## Directions
Scan the records beneath this line for the line holding "The front sign of the HistoSonics building" and the line holding "Gold 3 Bowl", then transcribe exactly those two and all lines between.

══ Provided material

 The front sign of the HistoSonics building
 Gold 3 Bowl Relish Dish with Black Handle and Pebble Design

════
══ Provided material

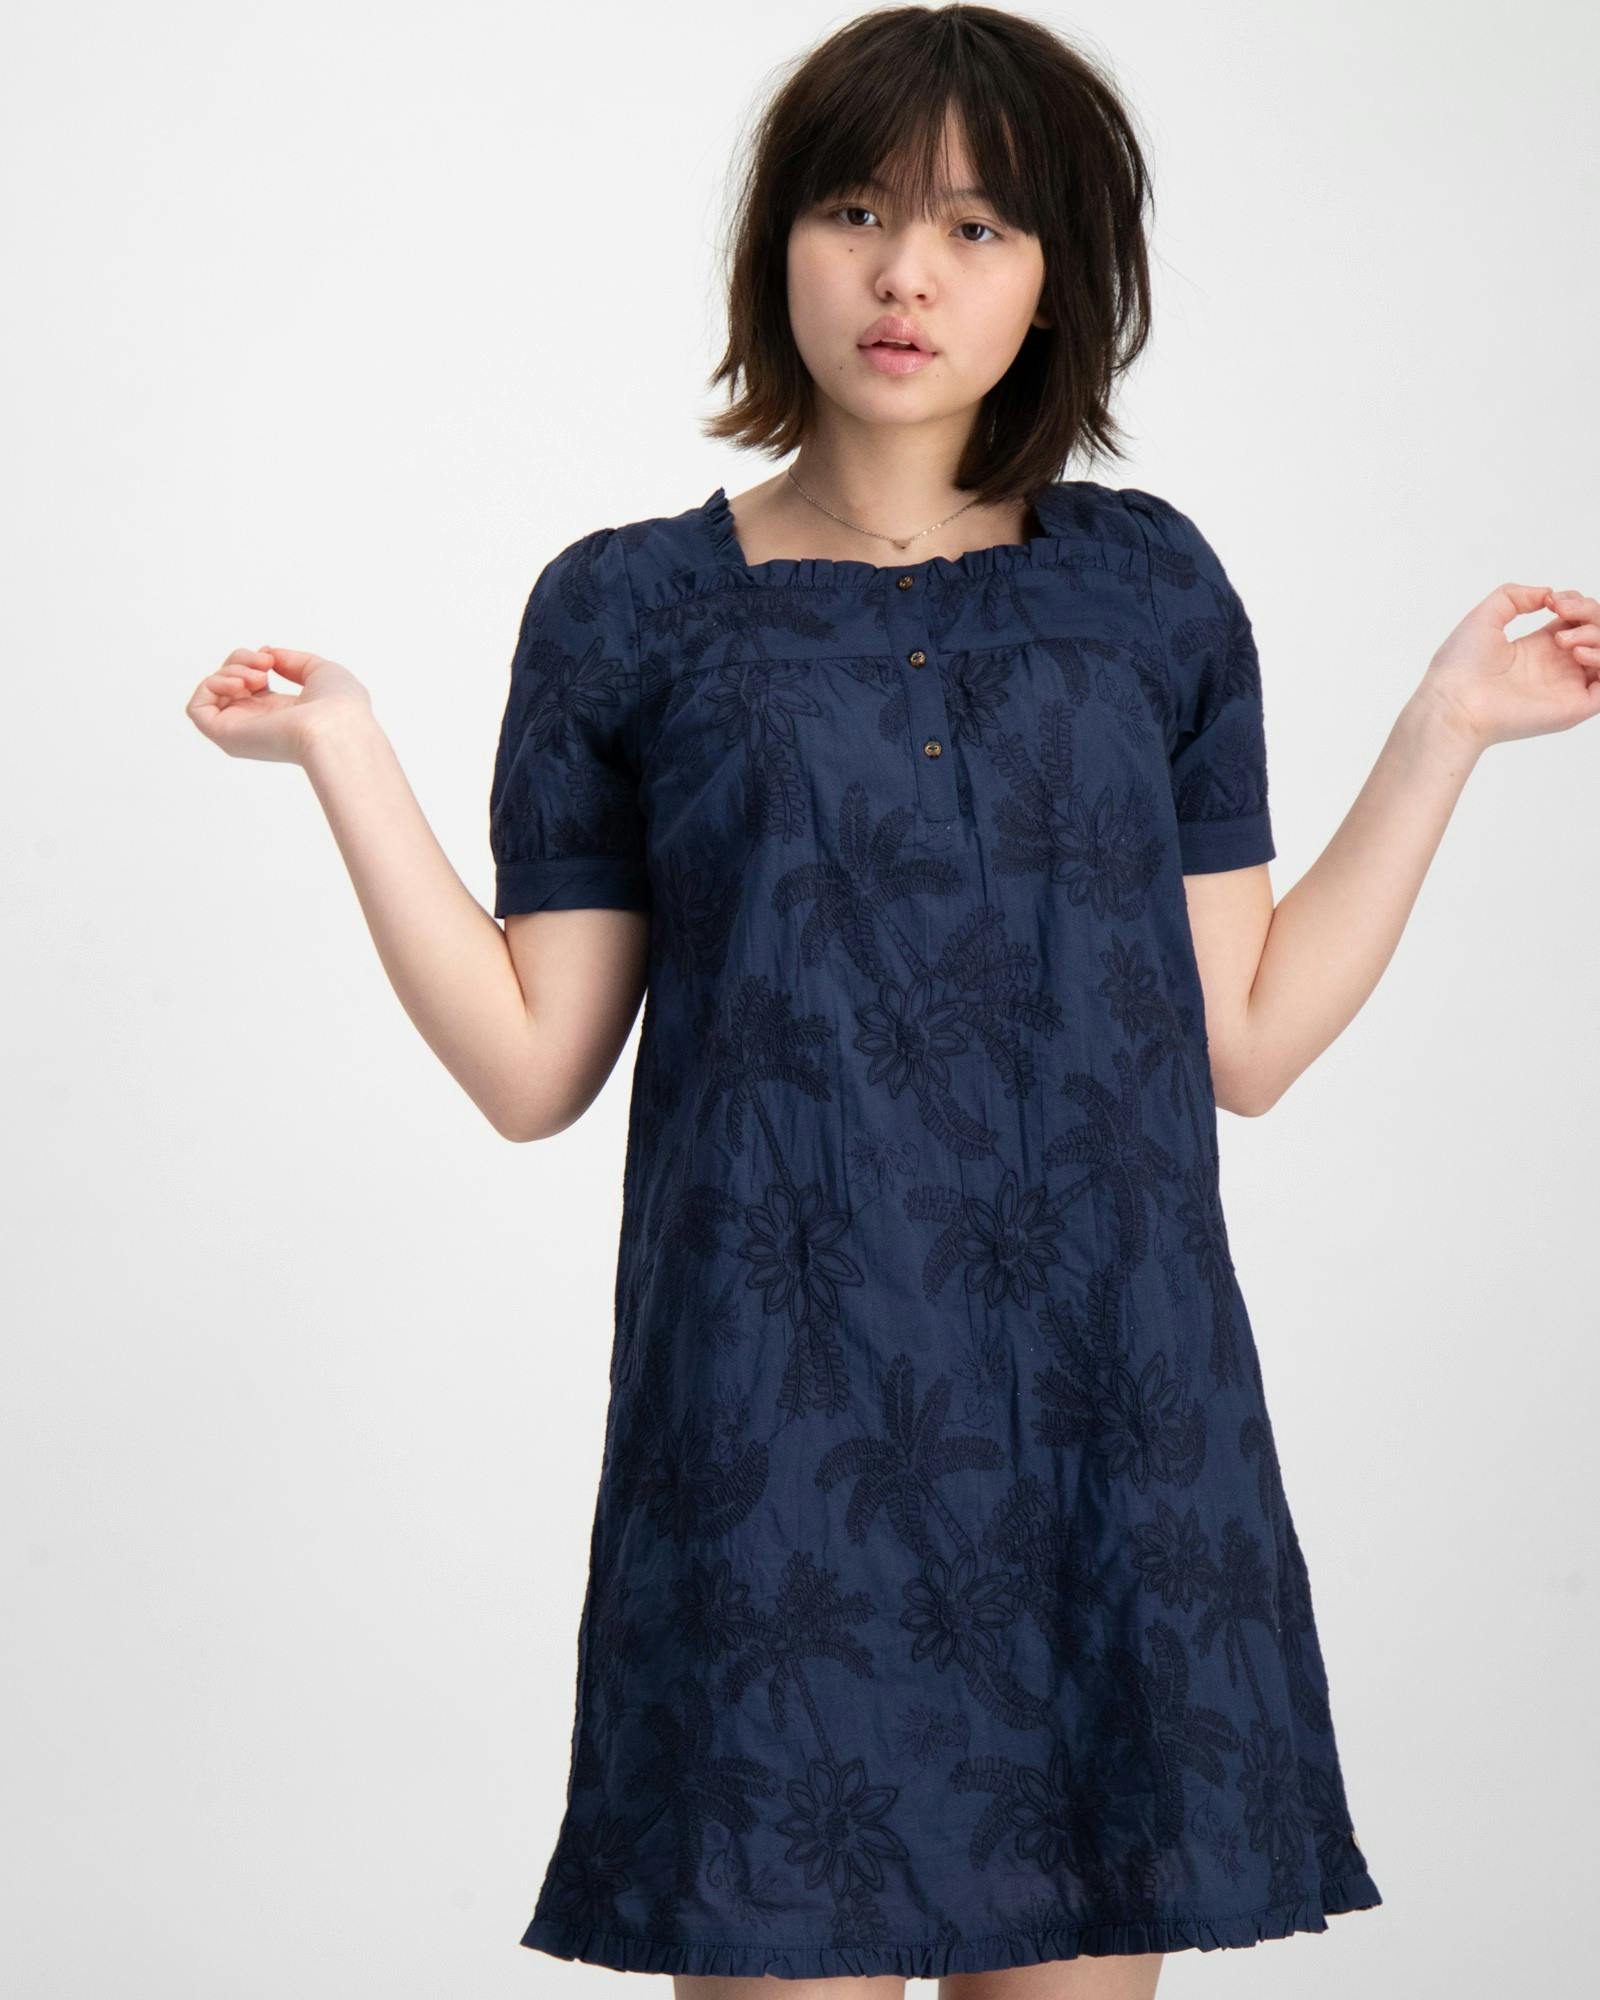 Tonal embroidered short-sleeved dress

════

## Answer box
 The front sign of the HistoSonics building
 Gold 3 Bowl Relish Dish with Black Handle and Pebble Design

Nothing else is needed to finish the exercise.